Do Alzheimer's Drugs Actually Work? What a Major New Review Found

If your family is navigating an Alzheimer's diagnosis, you've almost certainly heard about the newer anti-amyloid drugs — lecanemab, sold as Leqembi, and donanemab, sold as Kisunla. They've been called breakthroughs. They cost tens of thousands of dollars a year and require regular intravenous infusions and repeated brain scans. And a major new evidence review just put them to the most rigorous test they've faced. The headlines have simplified this into a binary — "Alzheimer's drugs don't work" — but the reality is far more nuanced, and families deserve a fuller picture.

I've reviewed the Cochrane analysis and the response from the research community. Here's what families need to know.

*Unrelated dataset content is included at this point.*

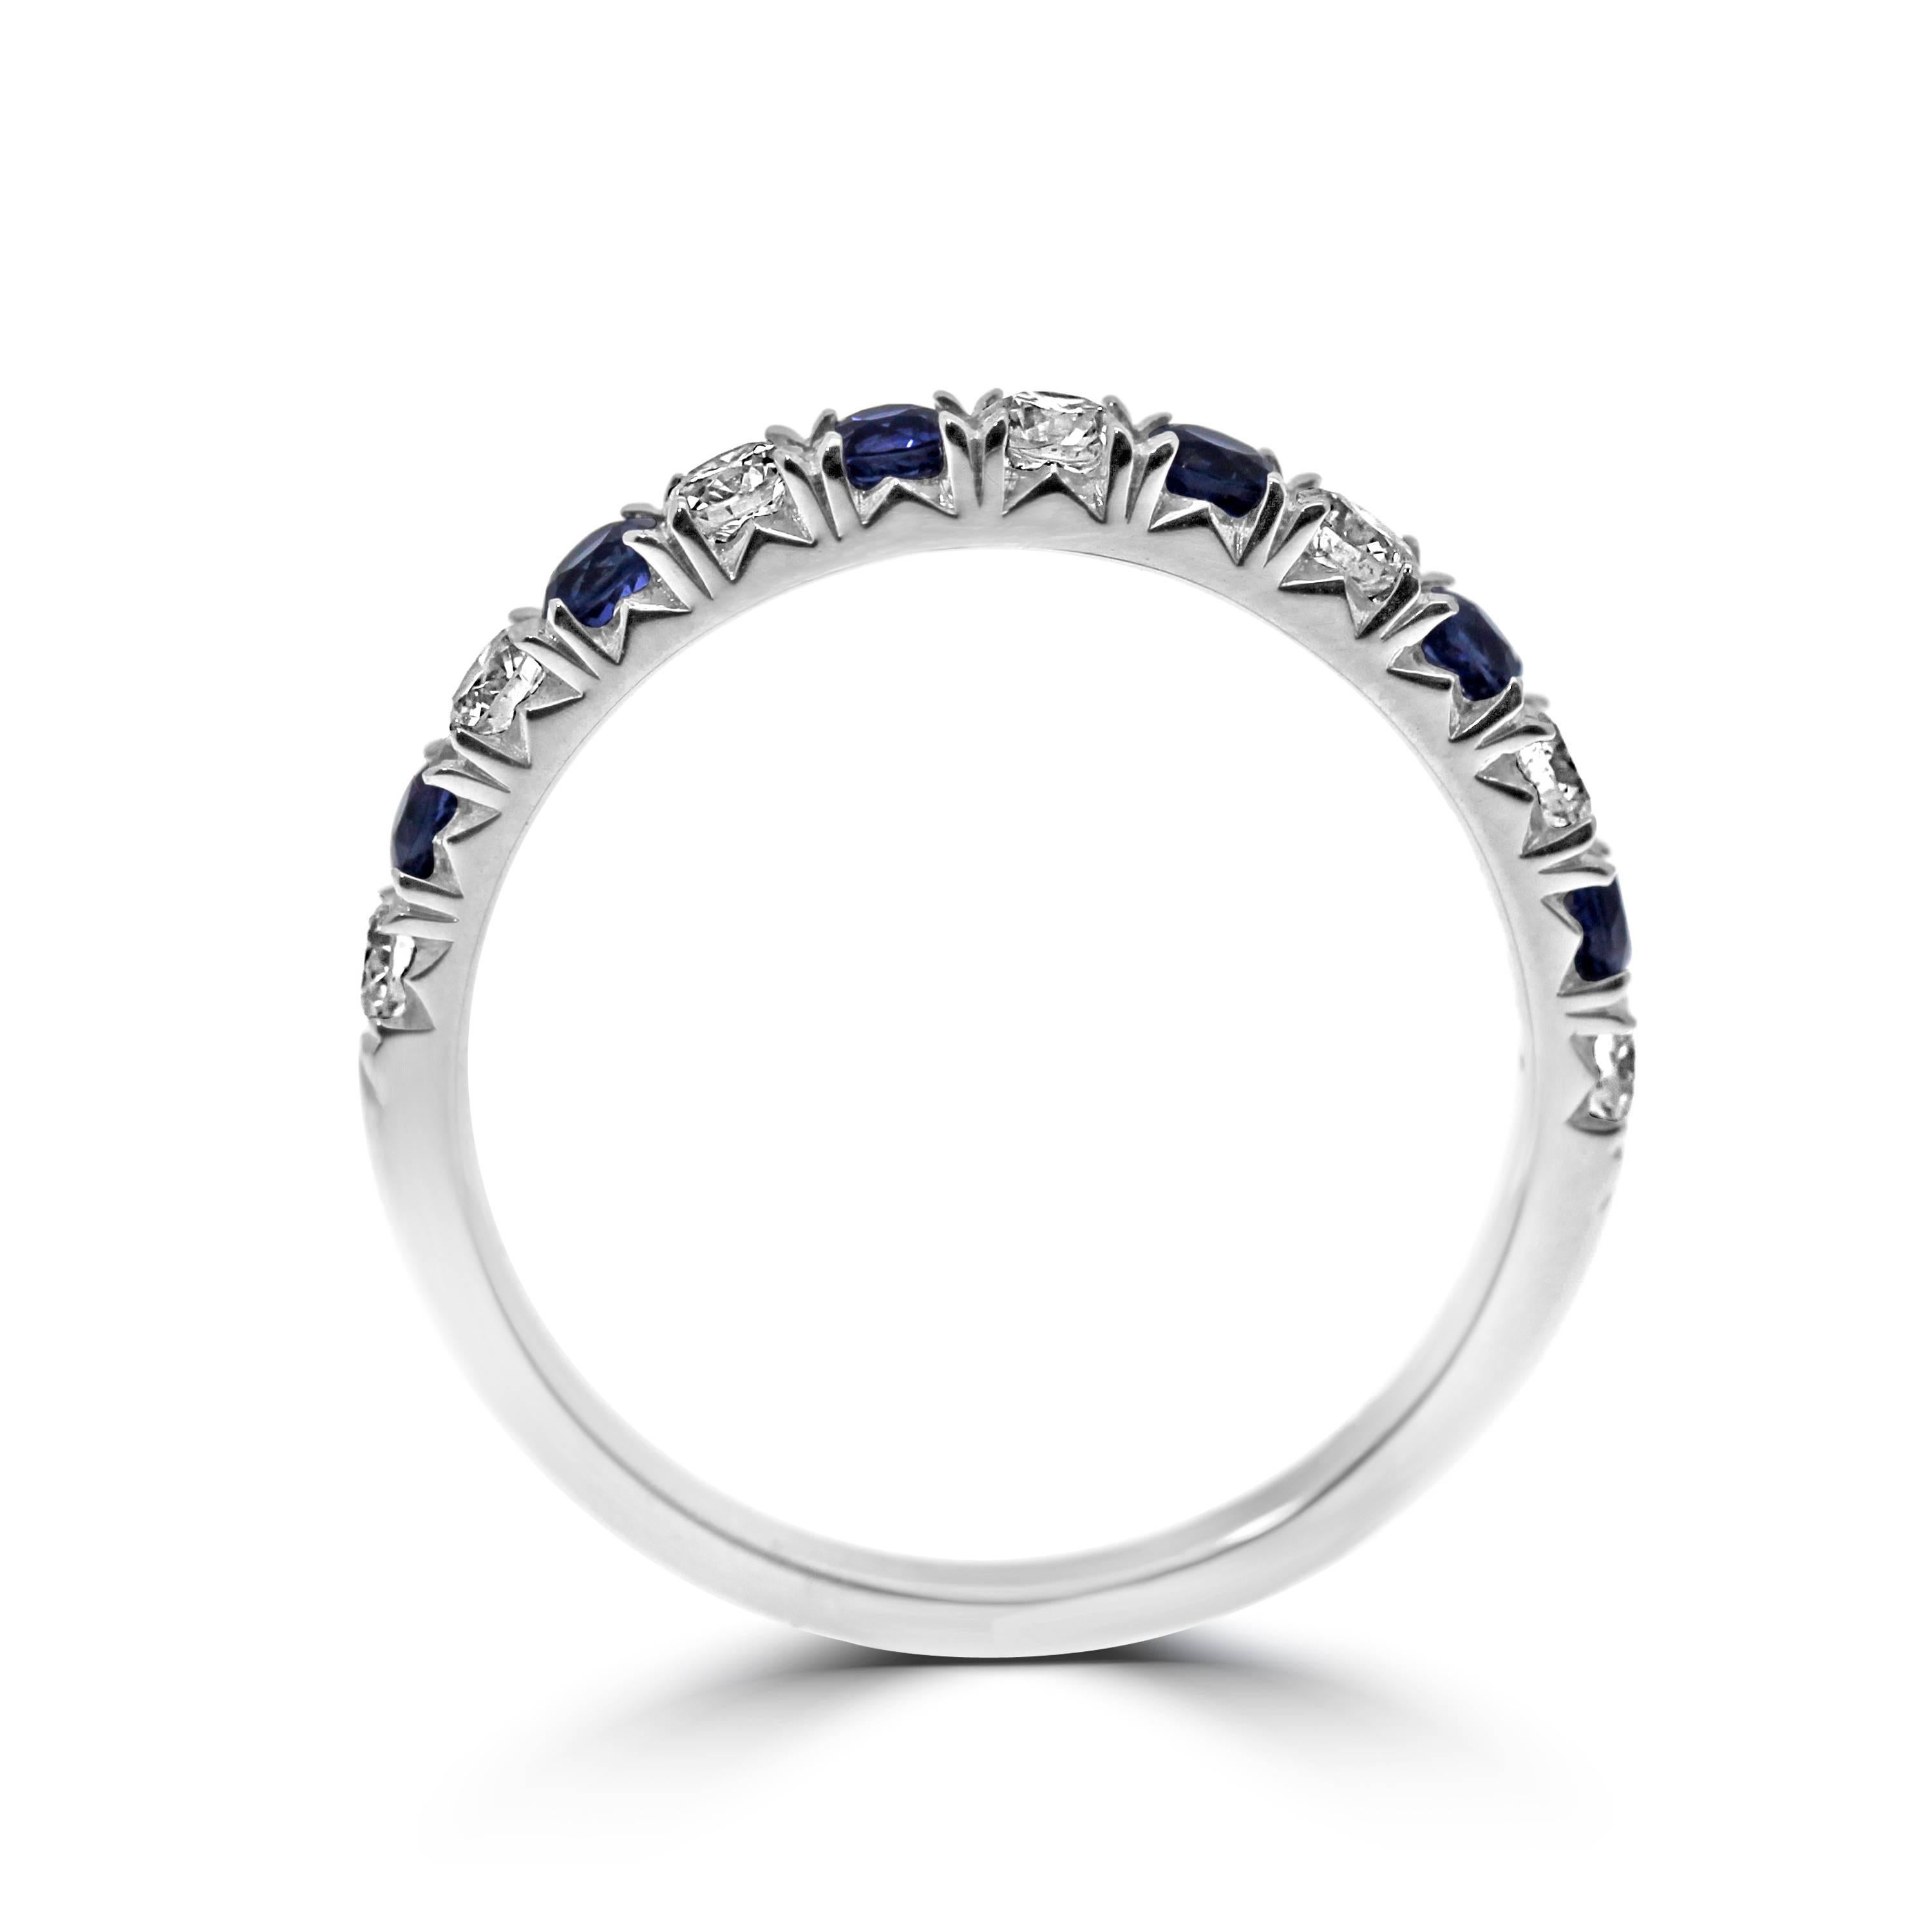 Round Cut 18K White Gold Eternity Band Ring Half Set Diamonds and Blue Sapphire gemstones

Why Amyloid Matters in Alzheimer's

To understand what these drugs are trying to do — and why this review is so significant — it helps to understand the role of amyloid in Alzheimer's disease.

For more than 30 years, the dominant theory in Alzheimer's research has been the amyloid hypothesis. In a healthy brain, a protein called amyloid-beta is produced and cleared naturally. In Alzheimer's disease, that clearance process fails. Amyloid-beta accumulates and forms sticky plaques between neurons. These plaques are believed to trigger a cascade of damage: they provoke inflammation, disrupt communication between neurons, and are associated with the accumulation of another toxic protein called tau, which forms tangles inside neurons and leads to cell death.

The logic behind anti-amyloid drugs is straightforward: if amyloid plaques drive the disease, then removing them should slow or stop it. That hypothesis has guided billions of dollars in research investment and led directly to the development of the drugs being evaluated in this review.

What the Cochrane analysis now forces us to ask is whether that logic holds — whether removing amyloid, even successfully, is enough to change the clinical course of the disease.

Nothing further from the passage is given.